What parents want seems simple—the CGM data to be accessible from a mobile app, a website, or another device to enable remote monitoring.

Finding a way to change the current proximity requirements and limitations and get the data from the CGM device and into the cloud where it can be accessed and viewed by users via a website or mobile app is a powerful concept, especially for parents, and more than 8,000 families have already jumped on board with the Nightscout project, also referred to as CGM in the Cloud. Nightscout was started by a father of a child with T1D and has rapidly evolved with the support and collaboration of a number of families, both those helping further engineer the solution and those following the directions to implement their own Nightscout at home.

At the time of this article, Nightscout requires a dedicated OTG-capable Android phone, a website, a cloud account, specific cables, and some old-fashioned tinkering (and maybe tape) to get the solution up and running, but with a mantra of "We are Not Waiting" (#wearenotwaiting) families are scrounging up parts, hacking the solution for their own families, and making blood glucose monitoring something more easily done anytime, anywhere.

Nightscout is not the only individual or small company solution dedicated to changing T1D management.
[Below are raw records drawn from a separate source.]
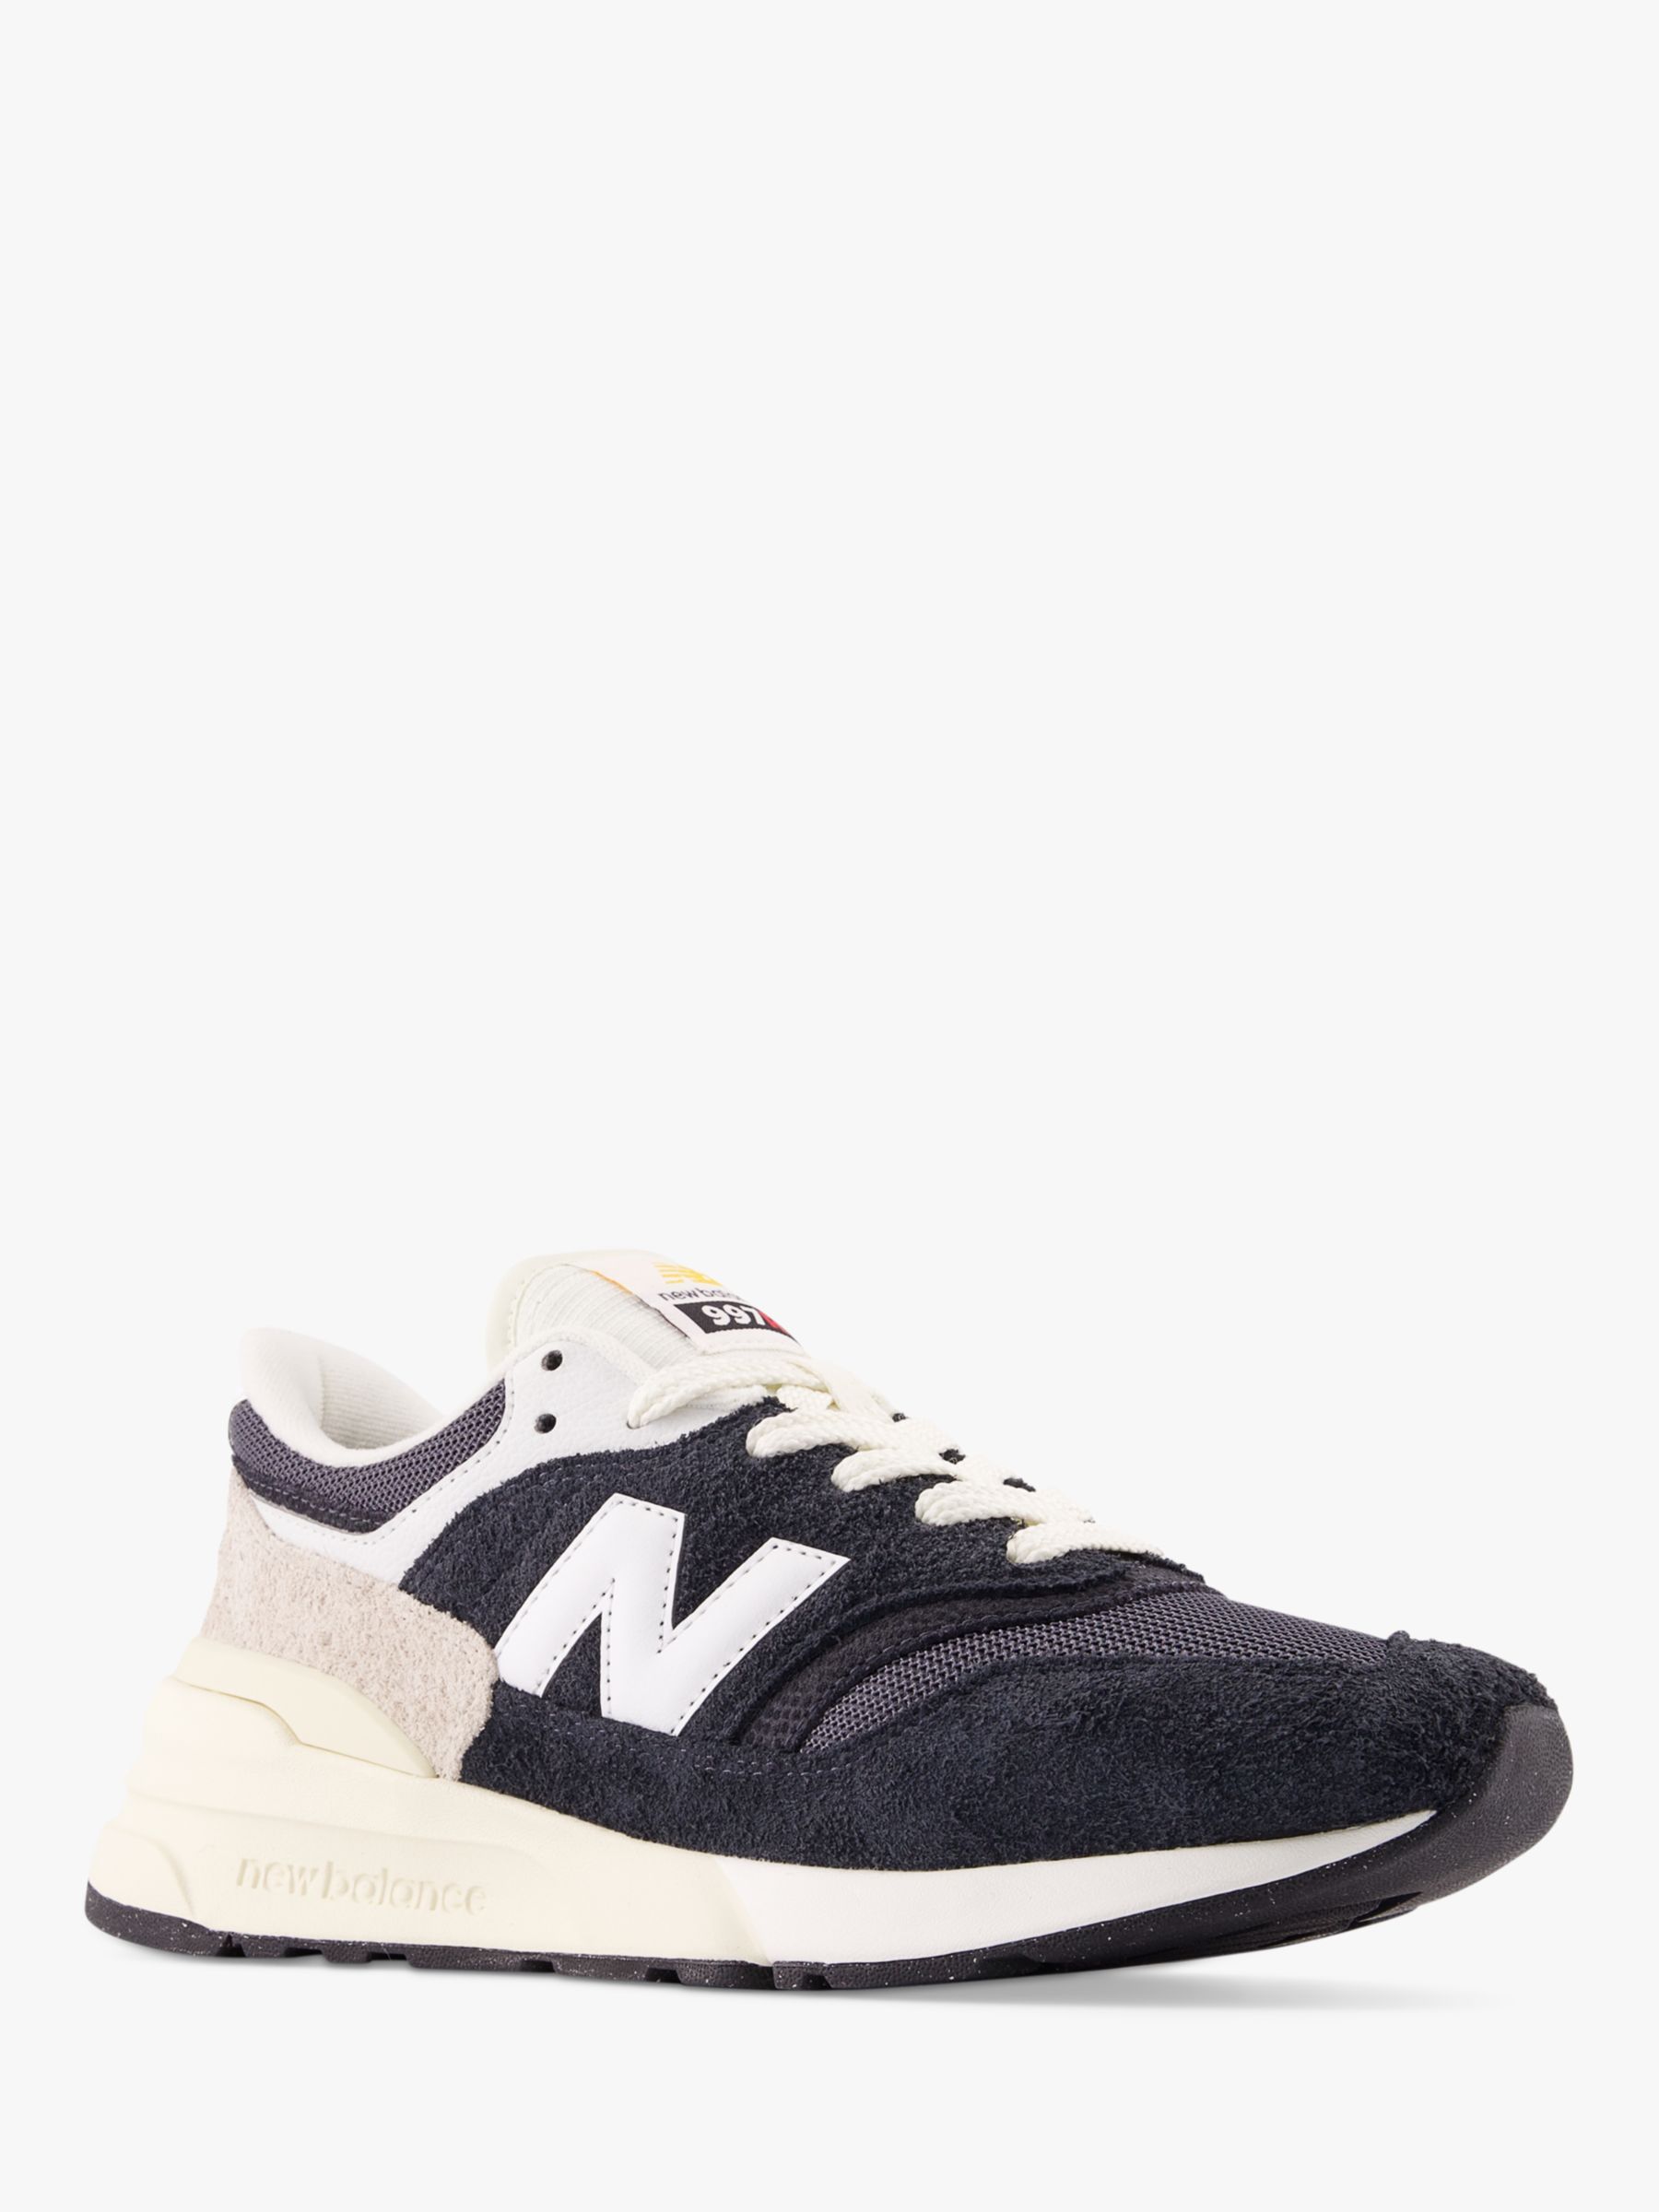 Buy New Balance 997R Men's Suede Trainers Online at johnlewis.com
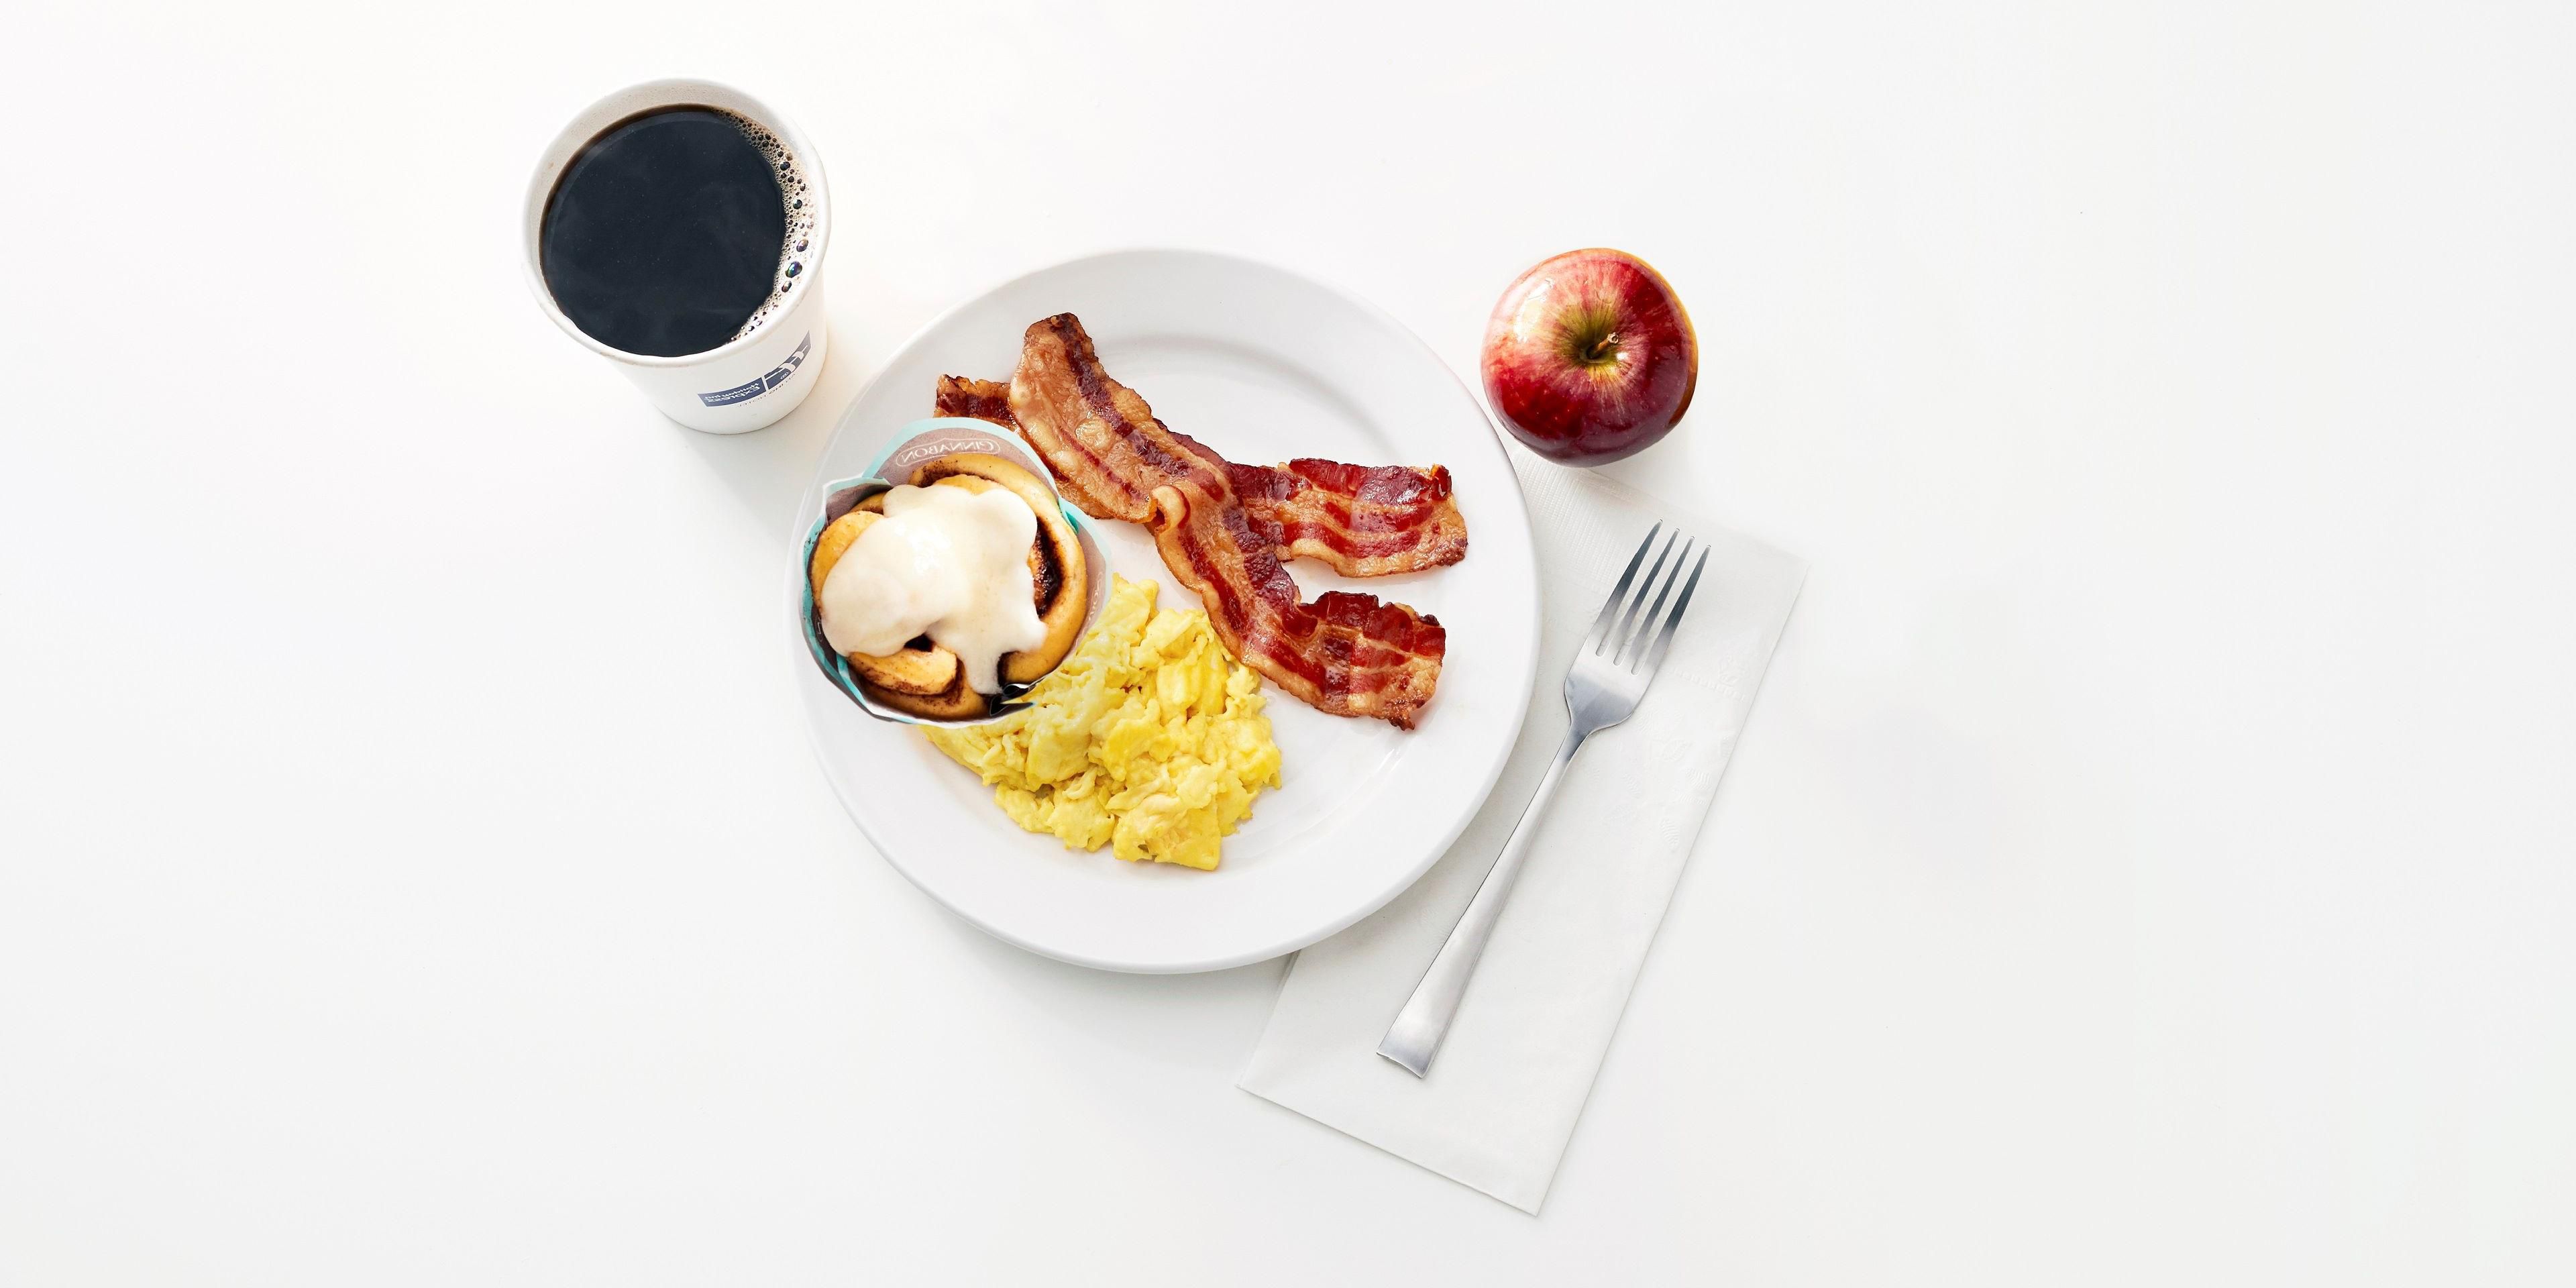 Kick start your day with our free Express Start Breakfast, with grab ‘n’ go options and favorites such as eggs and bacon, hot pancakes, our signature cinnamon rolls and fresh coffee. Offered from 6AM to 9AM.
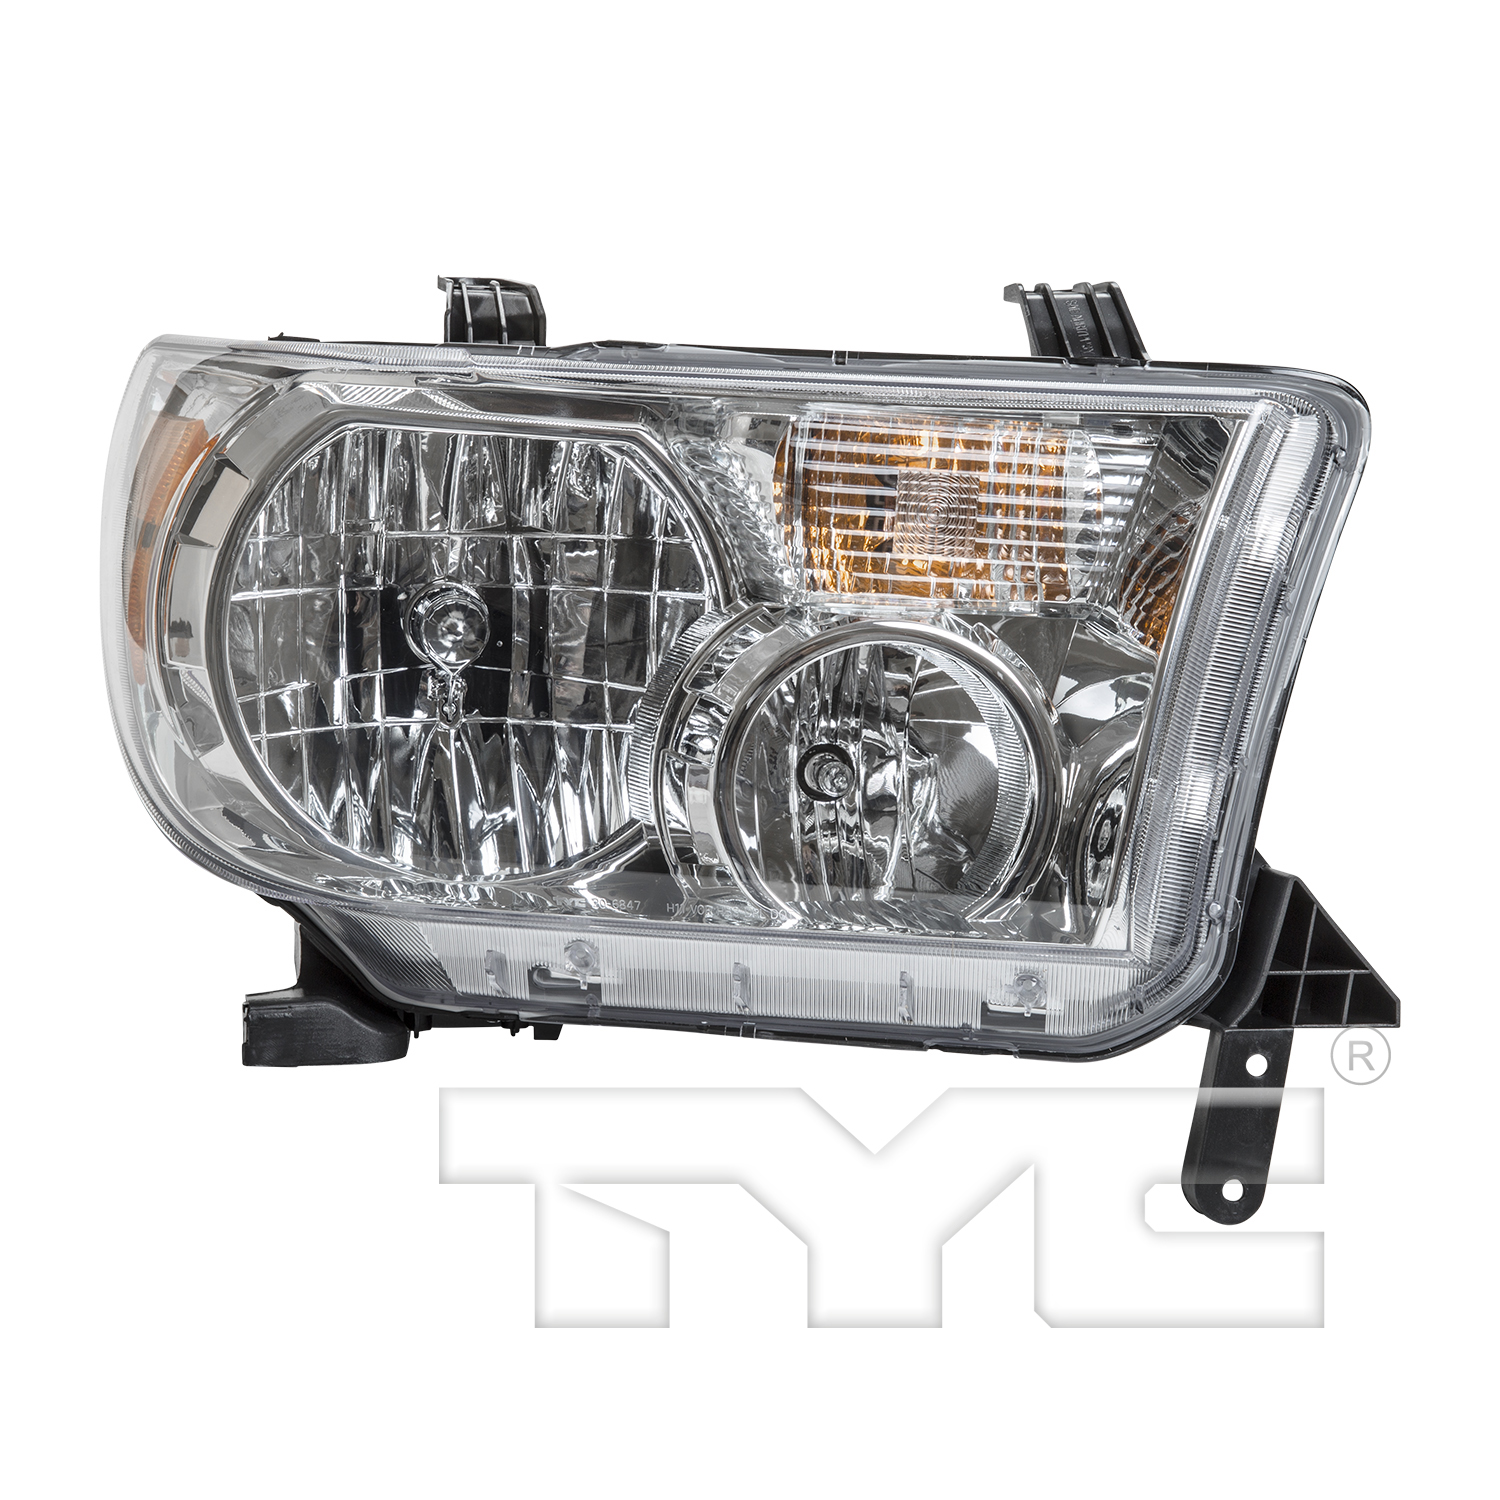 Aftermarket HEADLIGHTS for TOYOTA - SEQUOIA, SEQUOIA,08-17,RT Headlamp assy composite

From mobile apps to new meters to other cloud approaches, the T1D community is thriving with ideas, prototypes, and projects designed to make living with and managing T1D easier. (For a summary look at a few of these projects, see: CGM in the Cloud, Joslin's HypoMap and More at the DiabetesMine D-Data ExChange! (link no longer available)

Students Making Real Connections

For students interested in diabetes research or in medical biotechnology, the kinds of projects underway related to T1D offer lots of exciting opportunities for student science project connections. The following projects at Science Buddies support students in learning more about T1D and the kinds of biomedical engineering, computer software and application development, and health and human biology that come into play treating and managing T1D today and tomorrow:

  • Dealing with Diabetes: The Road to Developing an Artificial Pancreas: This project idea guides students in a biomedical engineering project that lets them tackle and explore some of the issues researchers are addressing with similar real-world projects. Students use Arduino to build a model of an artificial pancreas that uses an electrical circuit and acid/base chemistry to enable a beginning investigation into the complexity of a self-regulating system.
  • Blood Sugar Balancing Act: How Exercise Tips the Scales: Exercise can have a big impact on blood sugar levels, but the way exercise affects blood glucose varies from person to person. Some people find that their blood sugar drops during exercise or immediately after, some people find that their glucose levels rise during exercise, and some people find that their blood sugar shows dramatic difference as many as twelve hours after exercise (in the middle of the night, for example). The variable response to exercise can make properly predicting insulin and carb needs tricky for someone with T1D. Understanding personal trends in response to exercise can help. In this project, students conduct a series of trials to evaluate how someone's blood glucose responds to exercise.
  • Staying Healthy with Personal Medicine Apps: With MIT's App Inventor, students can set up apps that can help people remember important tasks—like taking their medicine. The new Staying Healthy with Personal Medicine Apps science project idea guides students in programming a medication reminder app. The project is not written specifically for diabetes, but students interested in healthcare and app development might explore MIT App Inventor and the idea of a personal medicine application that is geared for T1D treatment and the need for frequent testing and injection of insulin. (To better understand the uses of mobile apps for someone with T1D, a survey of popular glucose tracking tools like mySugr may provide helpful insight.)